Size paddocks to provide consistent days of grazing. A minimal 30-day rotation is recommended if cattle are moved at least once a week. Four paddocks in a 30-day rotation means moving animals every 6-7 days. On the other hand, during slow winter growth or drought conditions, shorter periods between grazing rotations will be necessary to prohibit overgrazing and forage stand damage. During a drought, it may be necessary to divide your operation up into as many as eight paddocks. With this number of paddocks, gates can be opened or animals moved more often during a quick rotation, temporary electric fencing can further split paddocks during a faster rotation, or paddocks can be cut out of the rotation to allow ample regrowth or even irrigation.
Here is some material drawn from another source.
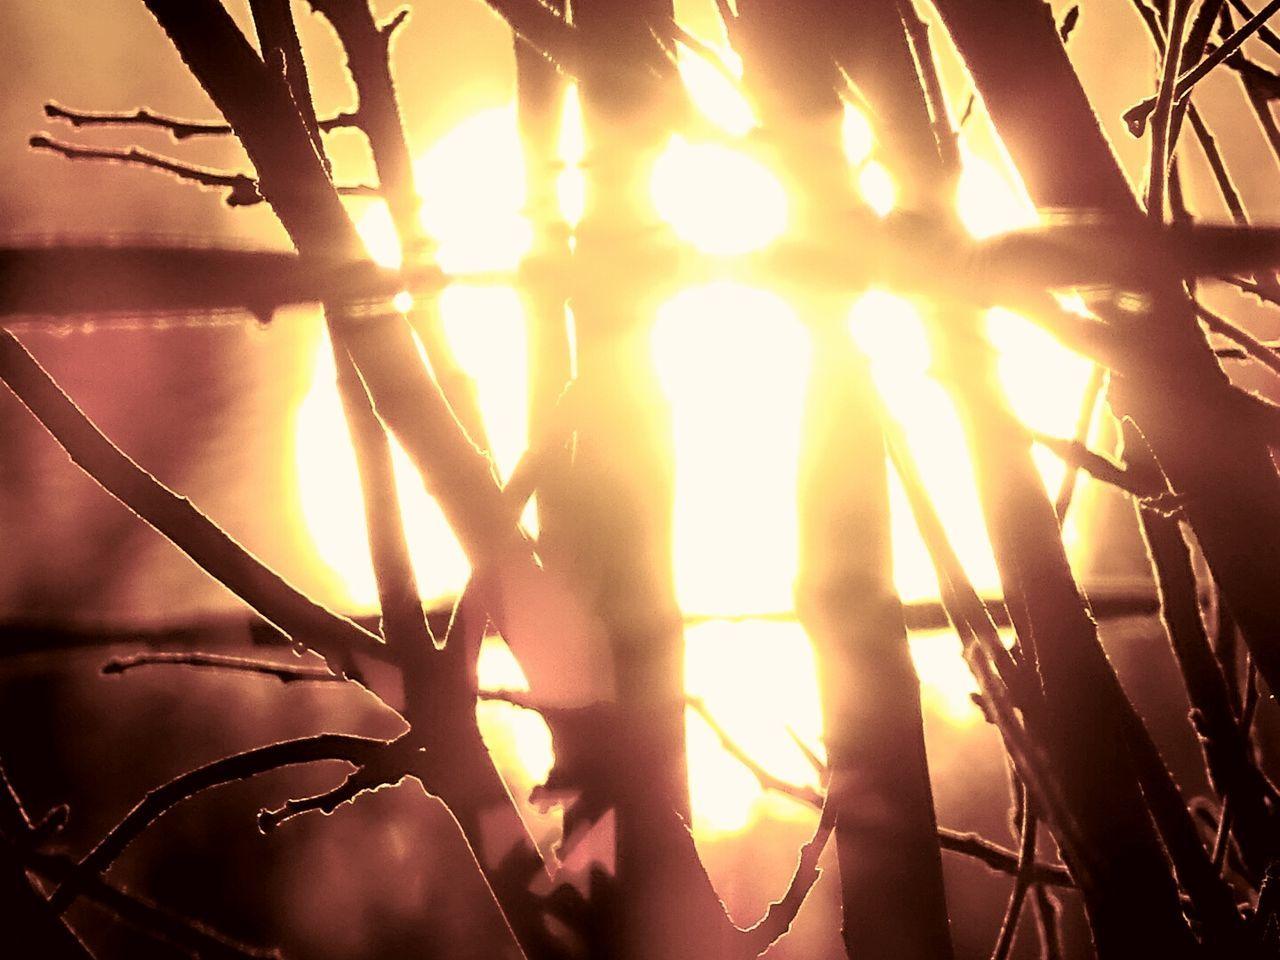 Sun Light Through Trees Sun Light Tree Outline Tree Orange Sun Sunset Nature Backgrounds Enlightening Close-up Sky Beauty In Nature EyeEm Getty Collection EyeEm Gallery Beauty In Nature Outdoors

The shape of the fenced pasture makes a big difference in the length of fence needed to enclose the pasture. Paddocks should be fairly square, minimizing soil variation and following landscape changes. A perfect square is not always possible, as access to water, shade, livestock handling facilities and the natural lay of the land must be considered. Square paddocks usually require the minimum amount of fencing and reduce distance to water sources. Rectangular paddocks should be no more than four times as long as they are wide. Pie-shaped fencing designs with a central water source can lead to mud holes where livestock congregate at water sources. In the case of sheep/lambs, a muddy or not so well drained area that is caused by high concentrations of animals, or just a low-lying area that doesn’t drain well, will cause your operation an unnecessary amount of hardship due to hoof rot. If this is allowed to happen, that pasture will never be able to be grazed again, because the bacteria that causes hoof rot is almost impossible to eradicate once it is in the soil.

On our farm, we can graze 30 100% grass-fed beefalo for a week on 2.5 acres. Therefore, we utilize four rotational paddocks throughout the grazing season and use 3.5 acres to stockpile forages (untouched), throughout the season in case there is a drought, and we need to pull them off of their regular paddocks so the forages have a chance to rest until we hopefully get some moisture. We have had times such as last summer when we needed to feed dry hay in July and August because our pastures burned up from lack of moisture.

The long and short of it is, plan ahead for the worst weather conditions, and be happy when they don't happen!